Искусным поваром гордились, им дорожили, он составлял репутацию хозяина. В. П. Бурнашев, описывая в книге «Наши чудодеи» «трехдневный праздник в Рябове в октябре 1822 года по случаю дня рождения его владельца» В. А. Всеволожского, отмечает: «Само собою разумеется, что обед был превосходный, потому что повар Всеволода Андреевича славился в то время в Петербурге», Всеволожскому завидовали лучшие гастрономы: министр финансов граф Дмитрий Александрович Гурьев и министр иностранных дел граф Карл Васильевич Нессельроде.

«Еще издавна, со времен деда, — вспоминает С. Д. Шереметев, — славились наши повара, большею частию русские… В Москве у отца был также замечательный повар Щеголев.
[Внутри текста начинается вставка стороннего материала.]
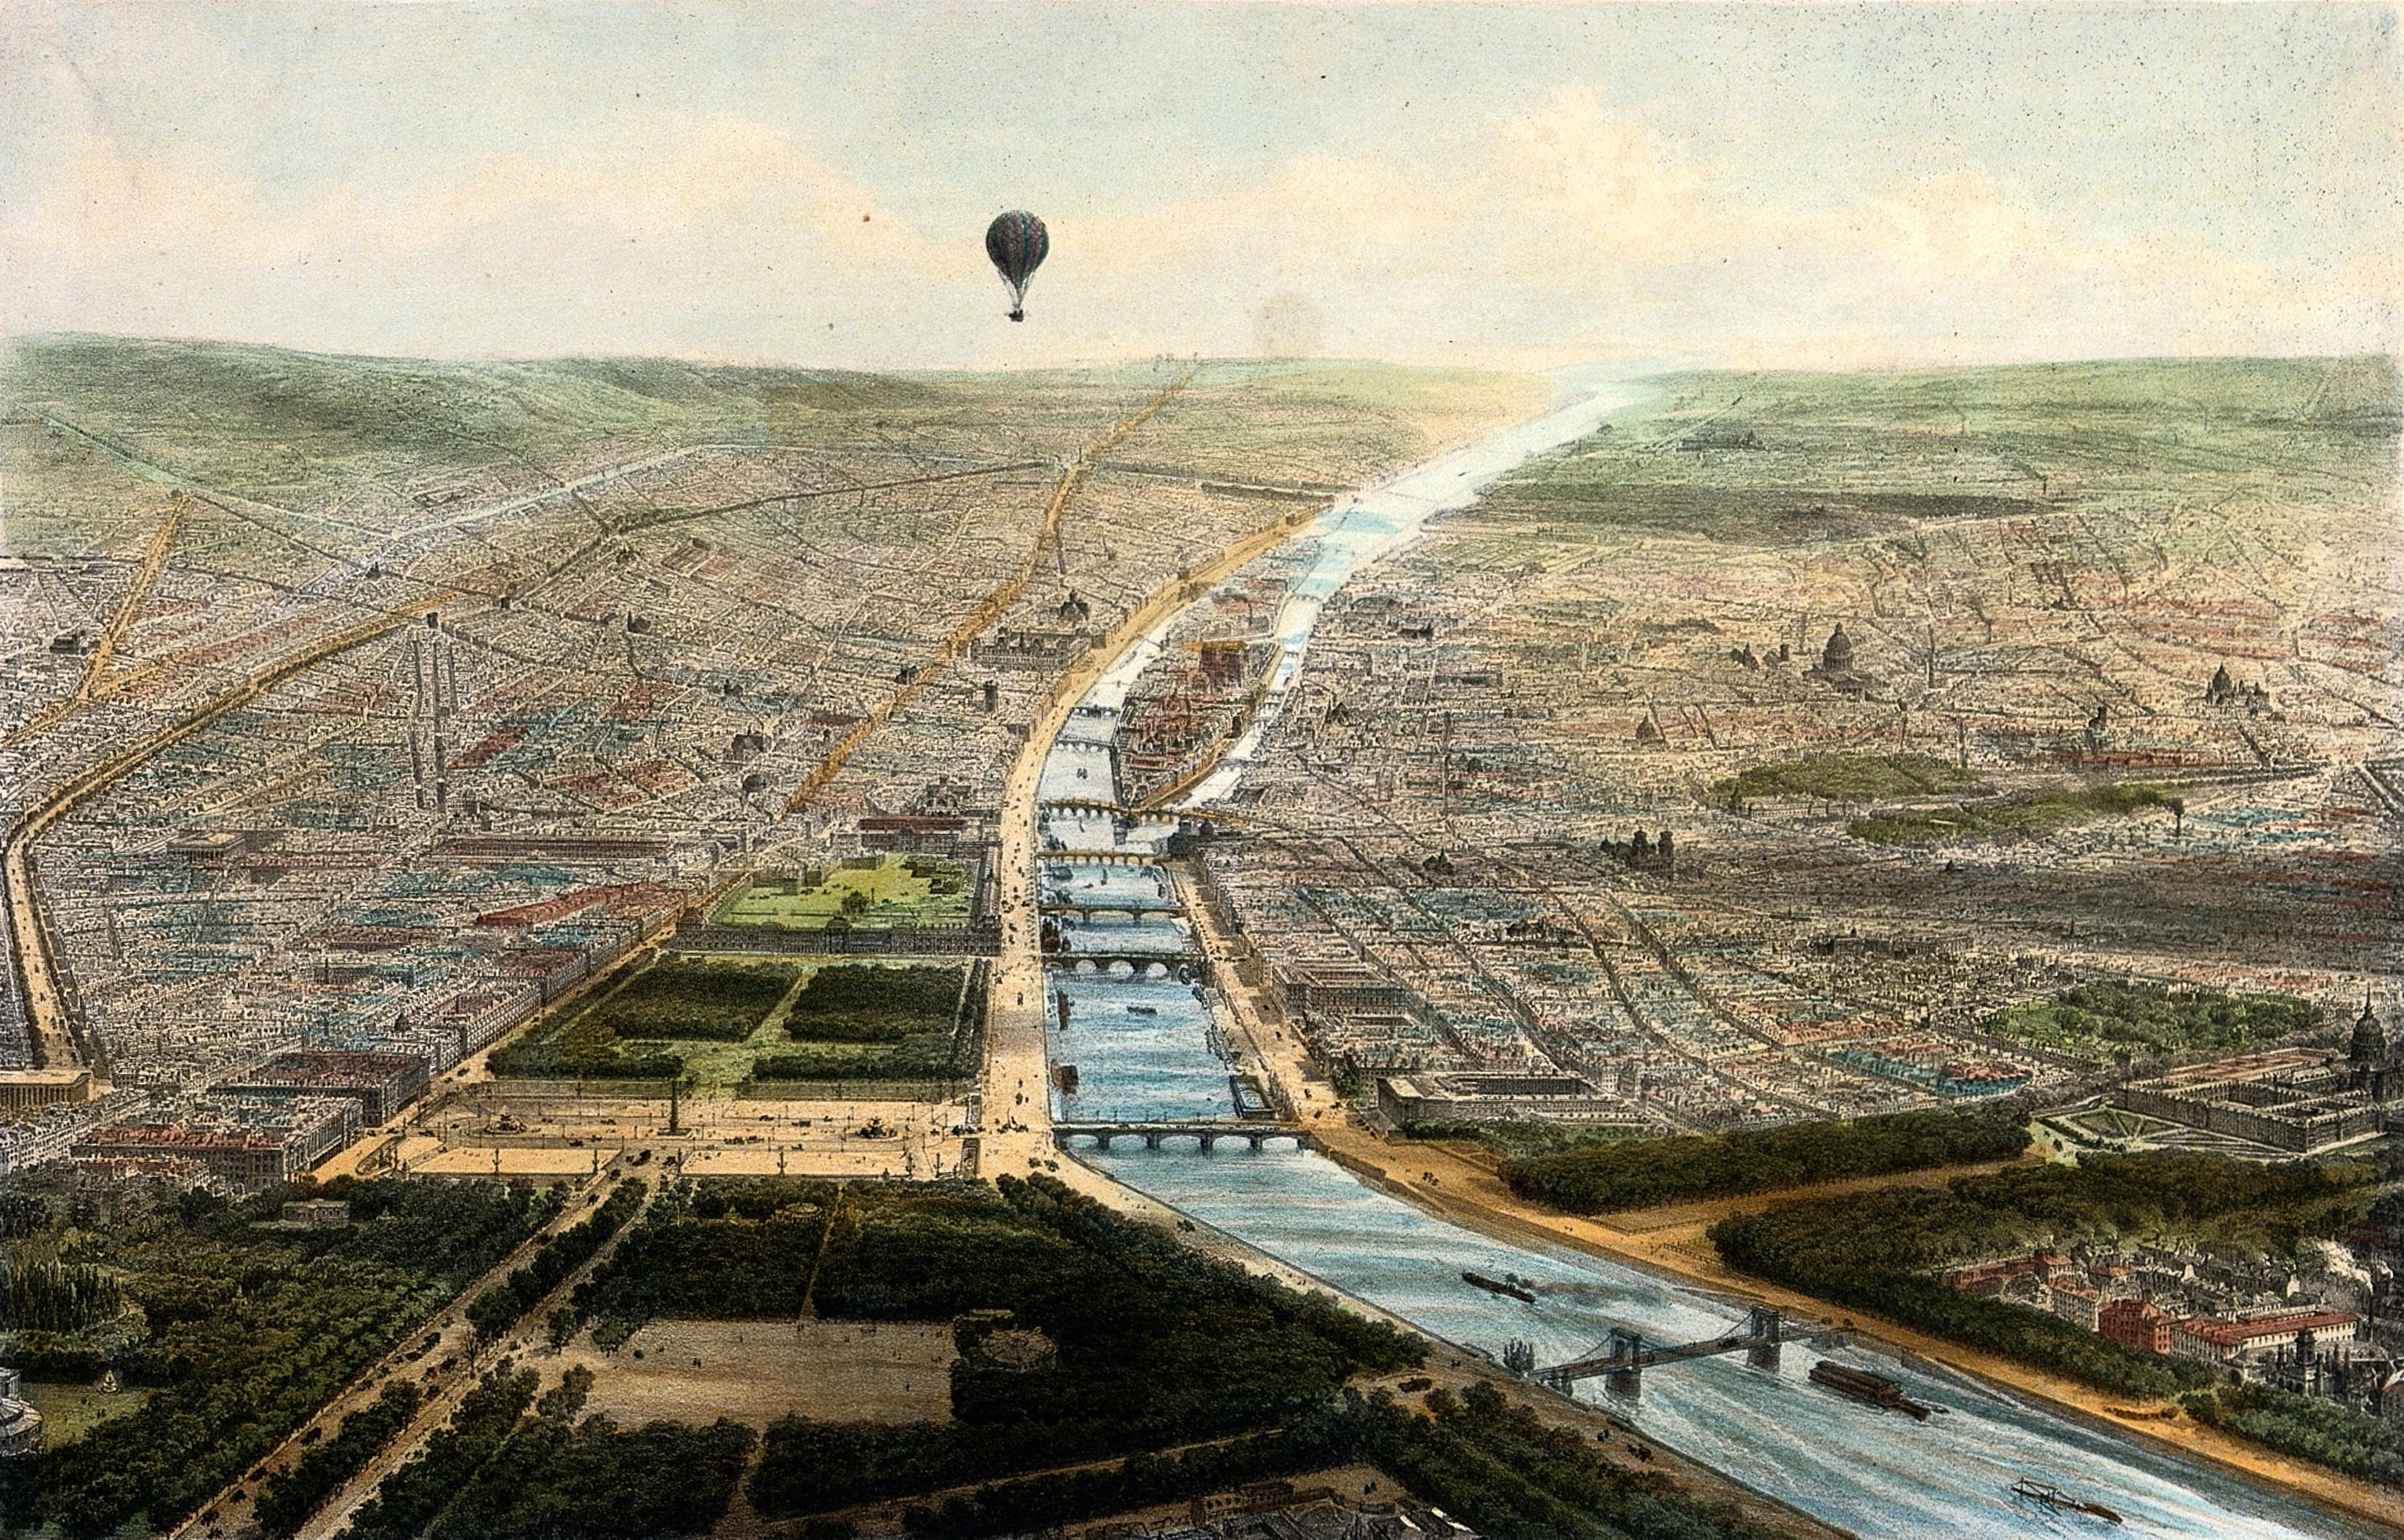 File:A hot-air balloon travels over part of Paris giving an aeria ...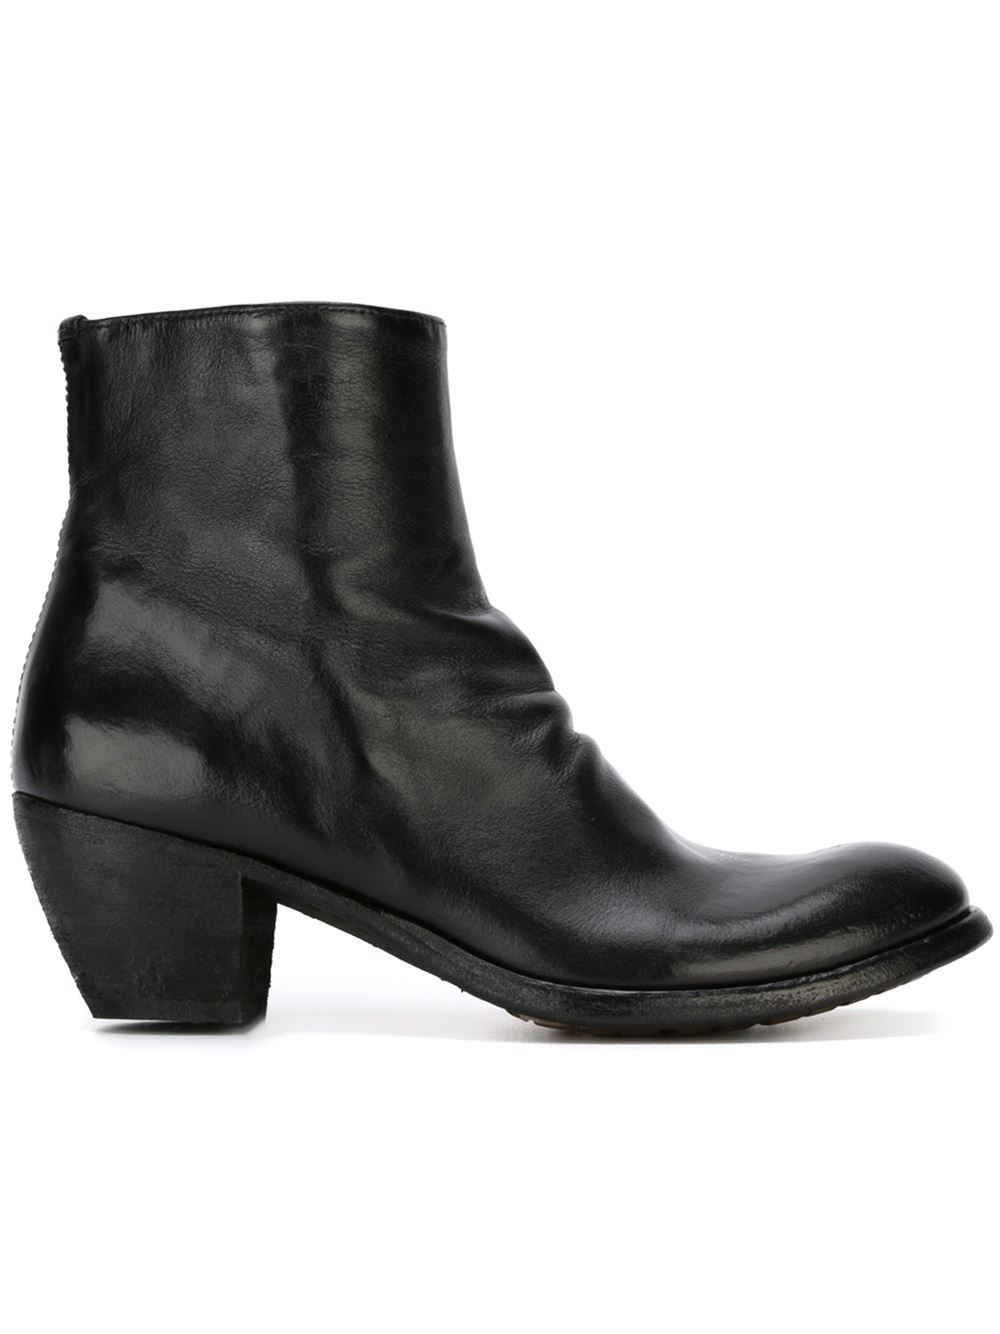 Elegant Officine Creative U0026#39;godardu0026#39; Ankle Boots In Brown   Lyst

В доме долгое время держался квасник Загребин, а еще раньше был медовар Житков, и меды наши славились. Застал я и домашнего кондитера — дряхлого старика Пряхина — но это уже была развалина»{3}.

Хороший крепостной повар стоил очень дорого. Объявления о продаже поваров помещались в газетах.

«Продается повар, на 17 году, ростом 2 аршина и 2 с половиной вершков, цена 600 рублей. Видеть его можно в доме, где Спасская аптека у г. Алексеева», — печатали «Московские ведомости» за 1790 год.

К повару предъявлялись очень высокие требования. Помимо умения хорошо готовить, «повар должен уметь читать и писать, дабы он разные до его должности принадлежащие сочинения читать, а по крайней мере то записать мог, что от другого повара увидит или услышит: он должен при трезвости быть, чистоплотен и опрятен… Повар должен уметь посуду лудить и починивать, ибо сия работа для него не трудна, а нужна, особливо там, где нет медников», — читаем в «Поваренных записках» С. Друковцова{4}.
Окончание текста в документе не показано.